Diego Figueredo

Personal information
- Full name: Diego Antonio Figueredo Matiauda
- Date of birth: 28 April 1982 (age 44)
- Place of birth: Asunción, Paraguay
- Height: 1.85 m (6 ft 1 in)
- Position: Midfielder

Youth career
- Olimpia

Senior career*
- Years: Team / Apps / (Gls)
- 2001–2003: Olimpia / 12 / (3)
- 2003–2007: Real Valladolid / 36 / (3)
- 2005–2006: → Boavista (loan) / 7 / (1)
- 2006–2007: → Godoy Cruz (loan) / 8 / (0)
- 2007–2008: Real Valladolid B / – / (–)
- 2008: Cerro Porteño / 11 / (1)
- 2009: Everton / 4 / (0)
- 2010: Olimpia / 23 / (2)
- 2011: Independiente FBC / 18 / (1)
- 2012: Guaraní / 8 / (1)
- 2012: Sportivo Luqueño / 6 / (0)
- 2014–2015: Rubio Ñu / 36 / (3)
- Total:  / 169 / (15)

International career
- 2004: Paraguay U23
- 2004: Paraguay / 4 / (0)

Medal record
Representing Paraguay
Men's Football
| Silver medal – second place | 2004 Athens | Team competition |

= Diego Figueredo =

Paraguayan football player (born 1982)

Diego Antonio Figueredo Matiauda (born 28 April 1982 in Asunción) is a Paraguayan former football player who played as a midfielder.

==Career==
He started his career in Olimpia Asunción of Paraguay before moving to Real Valladolid of Spain.

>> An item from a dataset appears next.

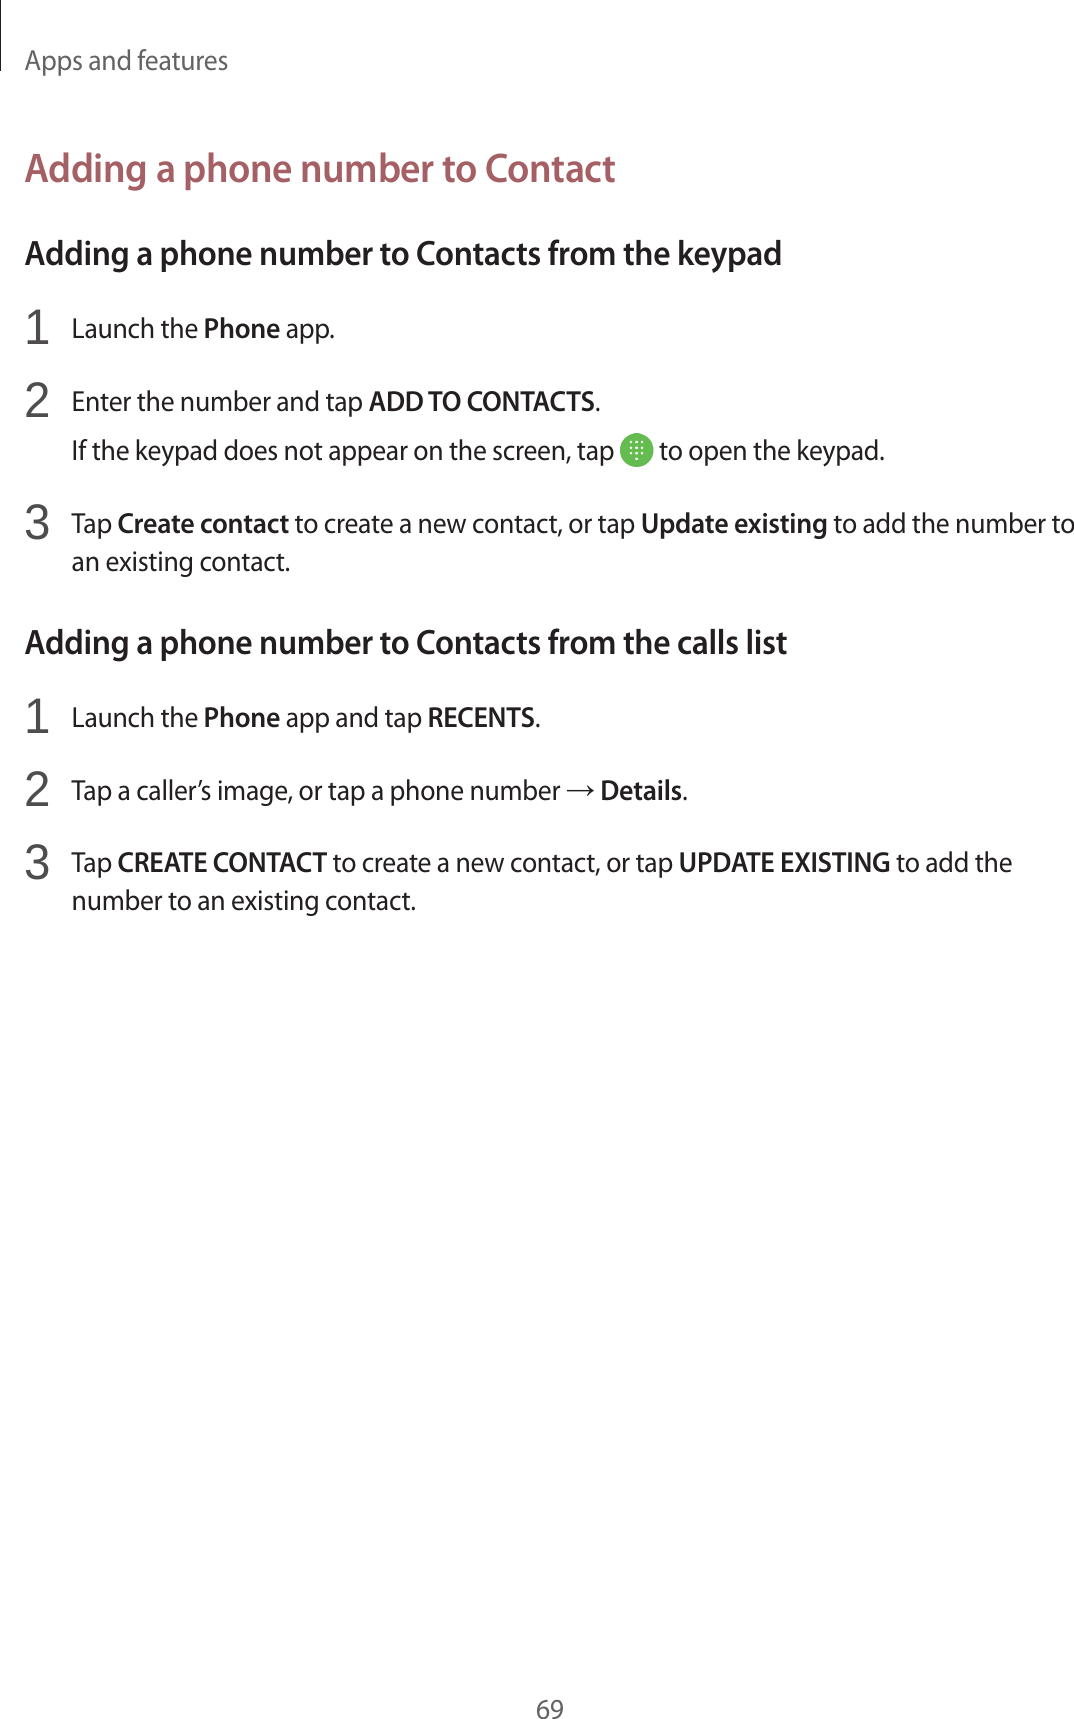 Apps and features69Adding a phone number to ContactAdding a phone number to Contacts from the keypad1  Launch the Phone app.2  Enter the number and tap ADD TO CONTACTS.If the keypad does not appear on the screen, tap   to open the keypad.3  Tap Create contact to create a new contact, or tap Update existing to add the number to an existing contact.Adding a phone number to Contacts from the calls list1  Launch the Phone app and tap RECENTS.2  Tap a caller’s image, or tap a phone number → Details.3  Tap CREATE CONTACT to create a new contact, or tap UPDATE EXISTING to add the number to an existing contact.
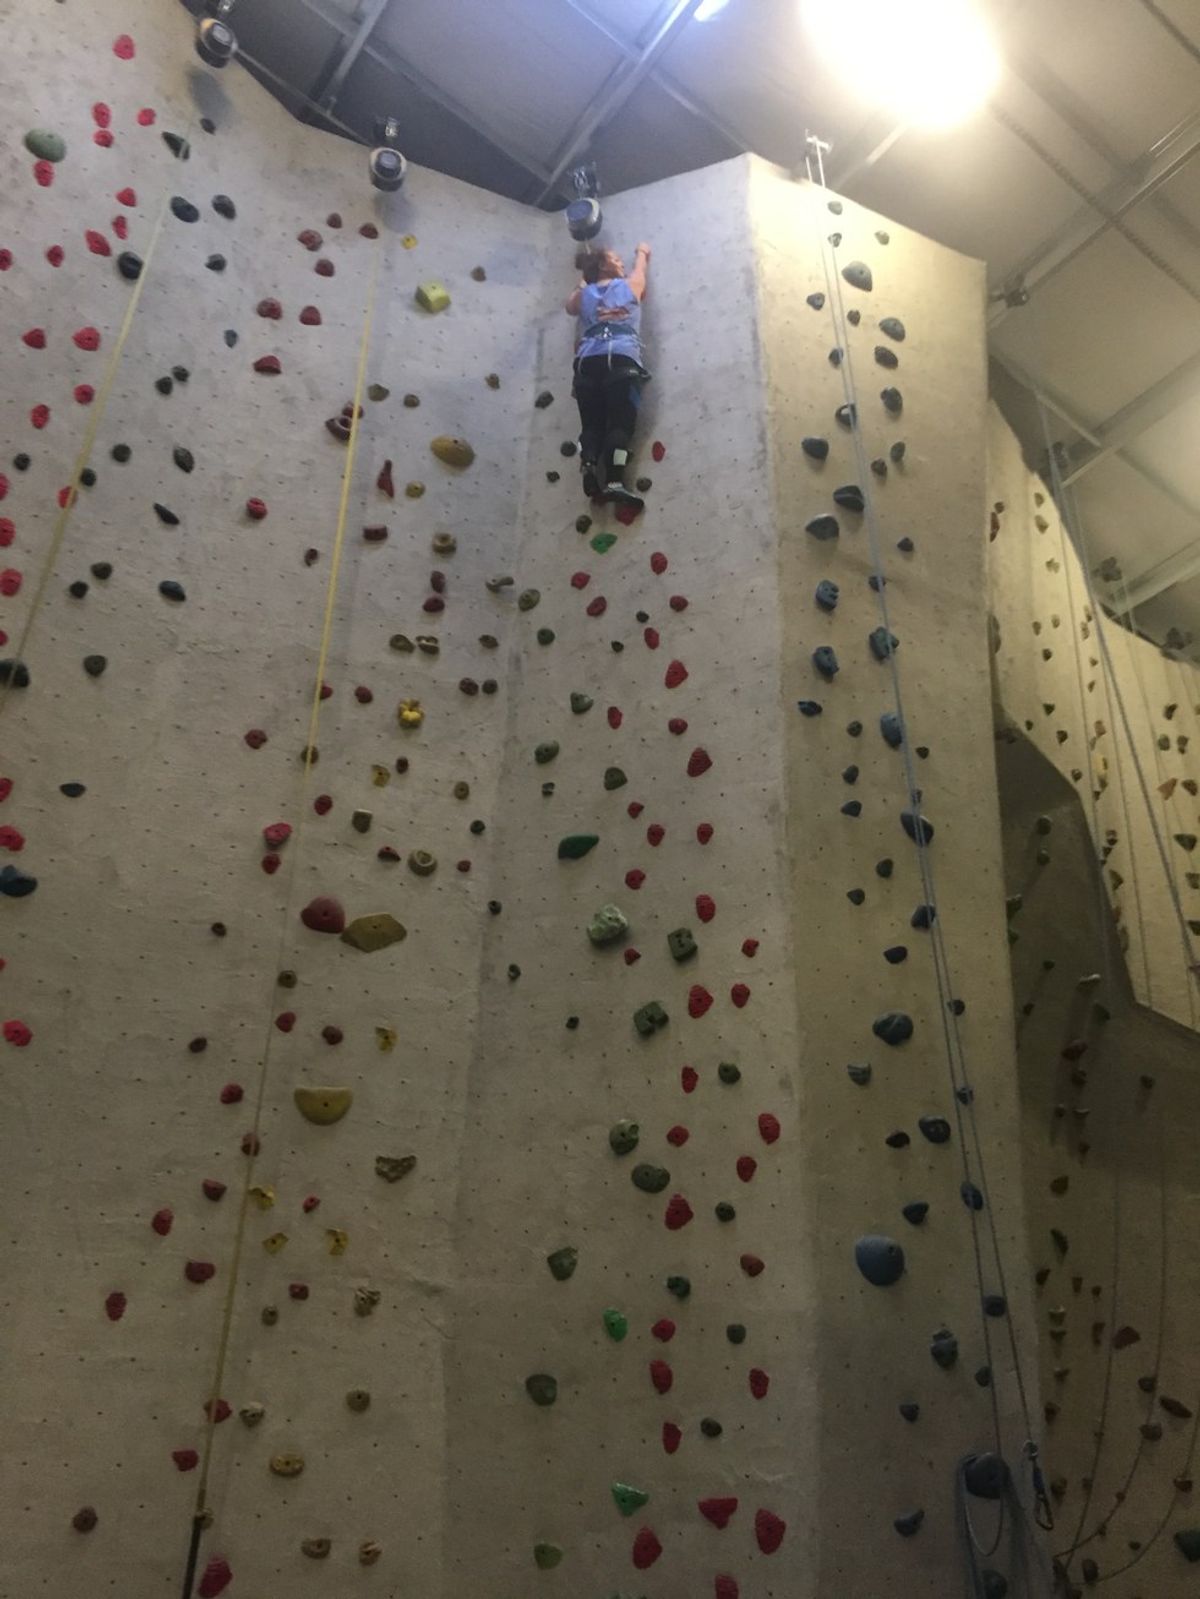 21 Reasons to Start Rock Climbing in Your 20s

He has also played for Godoy Cruz in Argentina, Boavista FC of Portugal and Cerro Porteño of the Liga Paraguaya.

Figueredo was part of the silver medal-winning Paraguayan 2004 Olympic football team, losing to Argentina in the final, a match in which he was sent off.